[Opening Dataset section]
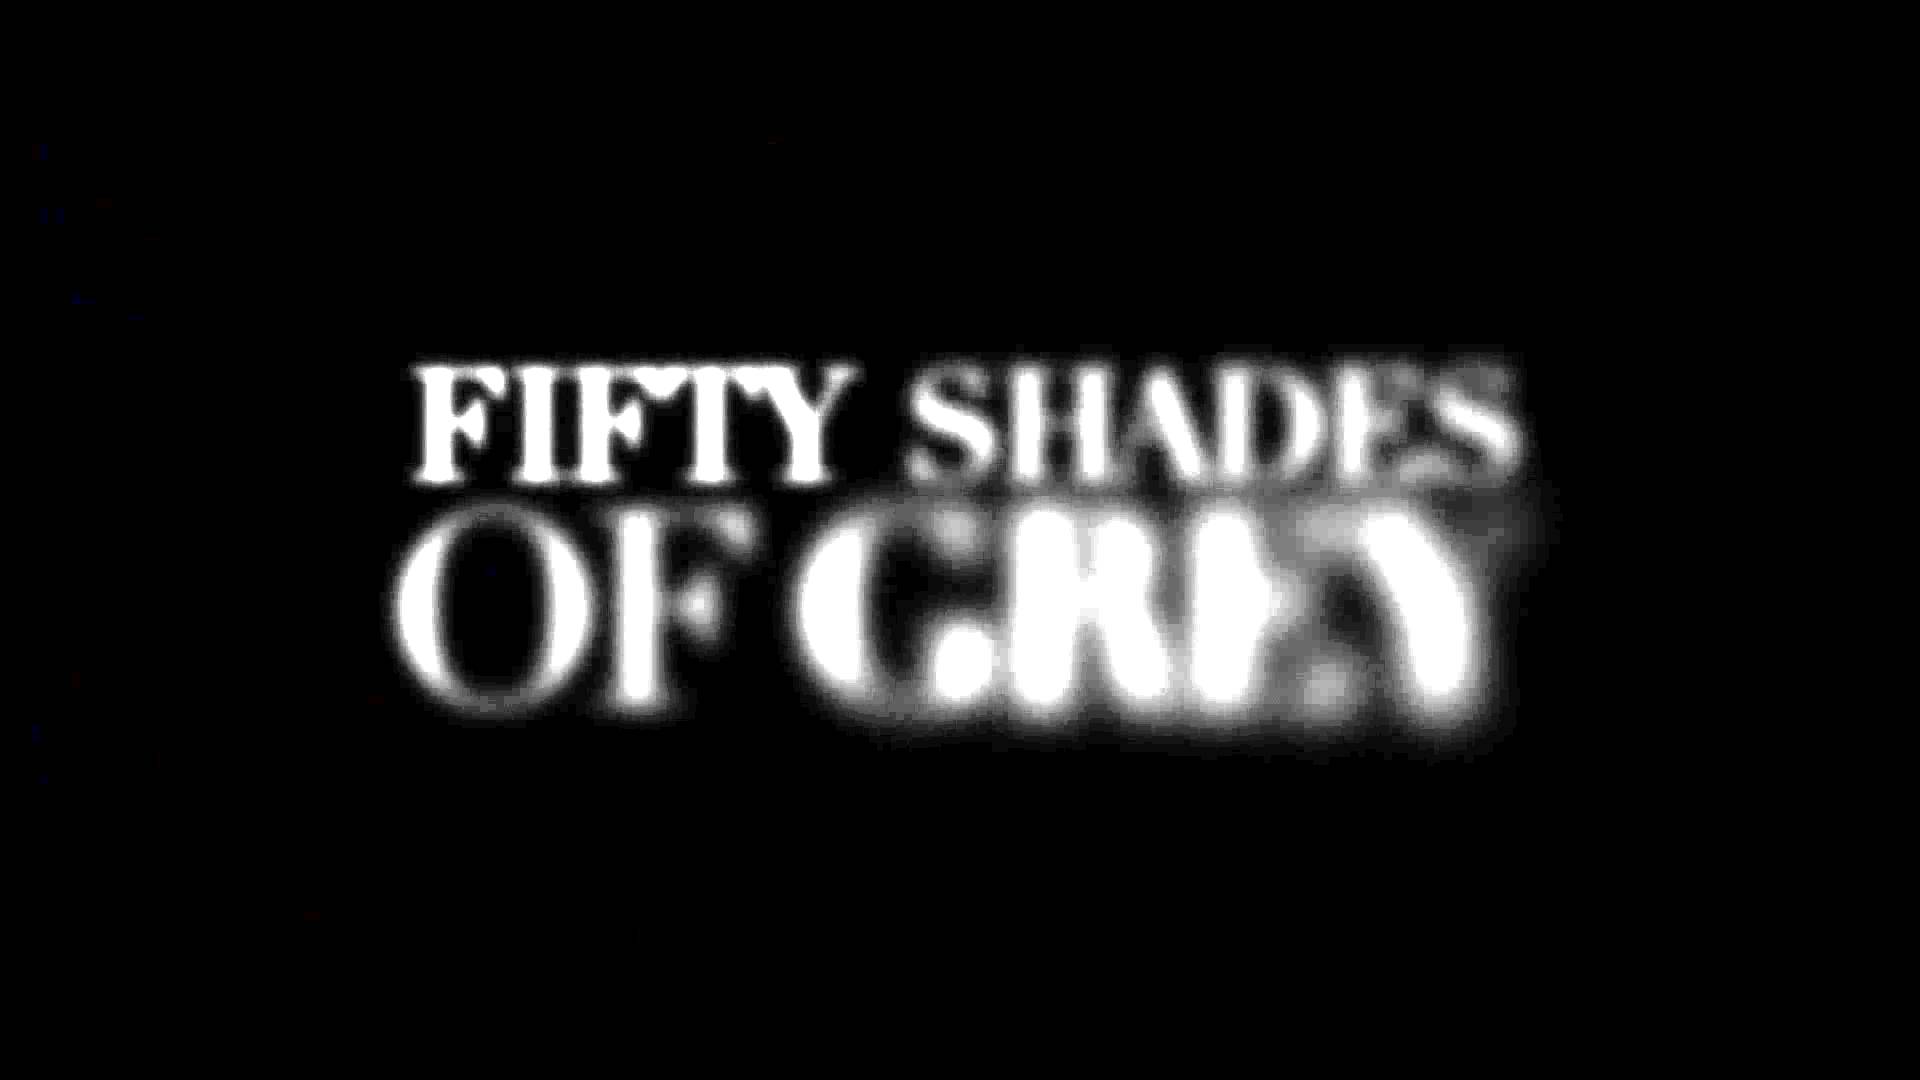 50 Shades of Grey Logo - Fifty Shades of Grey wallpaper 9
[Closing Dataset section]
[Opening Dataset section]
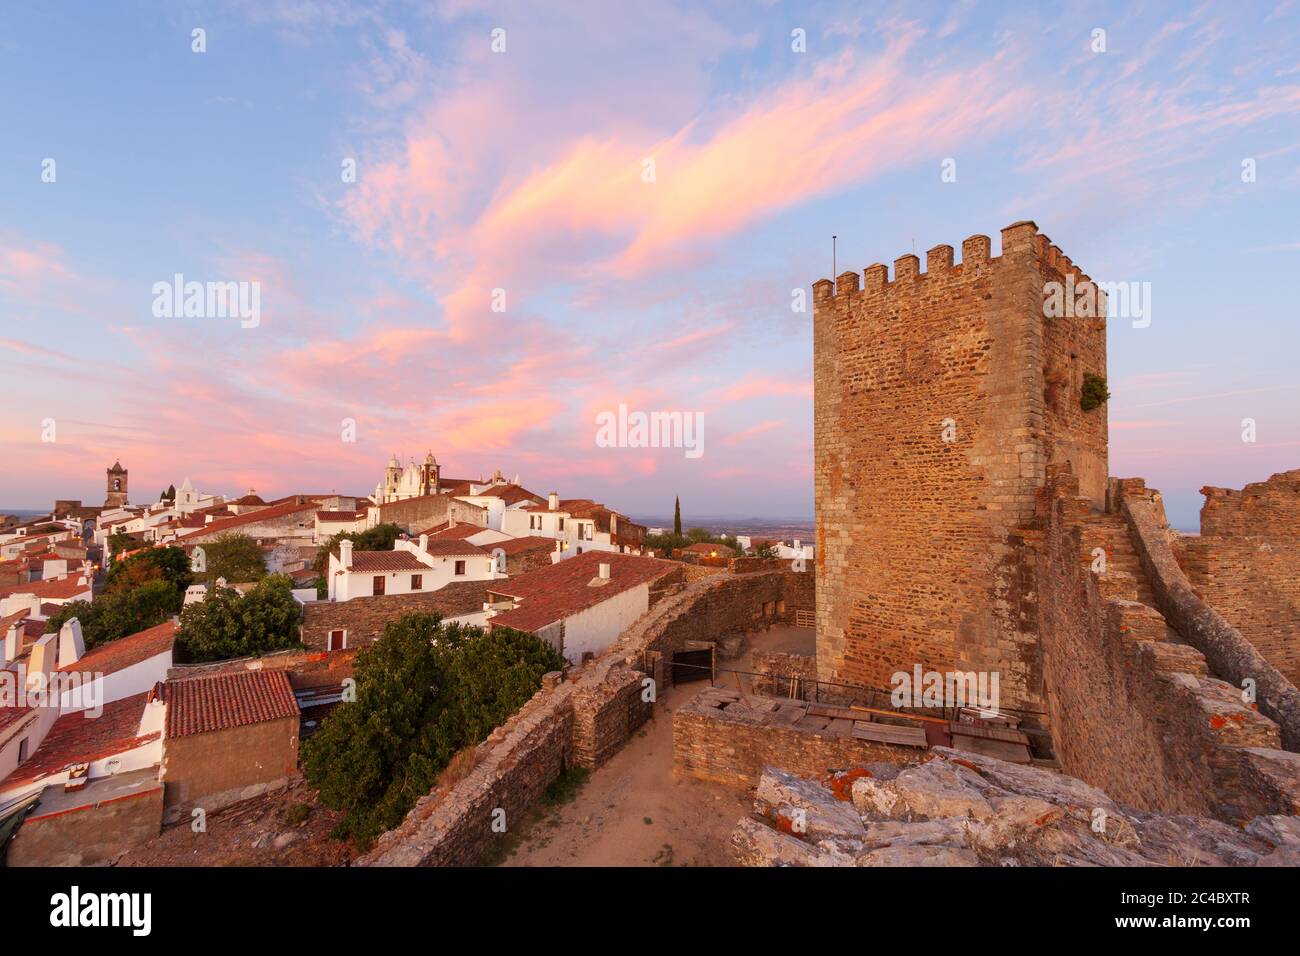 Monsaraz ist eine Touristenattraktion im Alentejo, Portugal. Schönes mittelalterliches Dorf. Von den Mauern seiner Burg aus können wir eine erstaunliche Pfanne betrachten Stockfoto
[Closing Dataset section]
[Opening Dataset section]
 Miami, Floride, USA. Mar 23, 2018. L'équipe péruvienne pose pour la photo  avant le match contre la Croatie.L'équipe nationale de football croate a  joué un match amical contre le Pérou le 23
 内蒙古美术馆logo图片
[Closing Dataset section]
What the exercise asks: In the listing above, start at the line with "Miami, Floride, USA.", go on through the line with "内蒙古美术馆logo图片", and copy each of those lines exactly; leave out all the rest.

Expected output:
 Miami, Floride, USA. Mar 23, 2018. L'équipe péruvienne pose pour la photo  avant le match contre la Croatie.L'équipe nationale de football croate a  joué un match amical contre le Pérou le 23
 内蒙古美术馆logo图片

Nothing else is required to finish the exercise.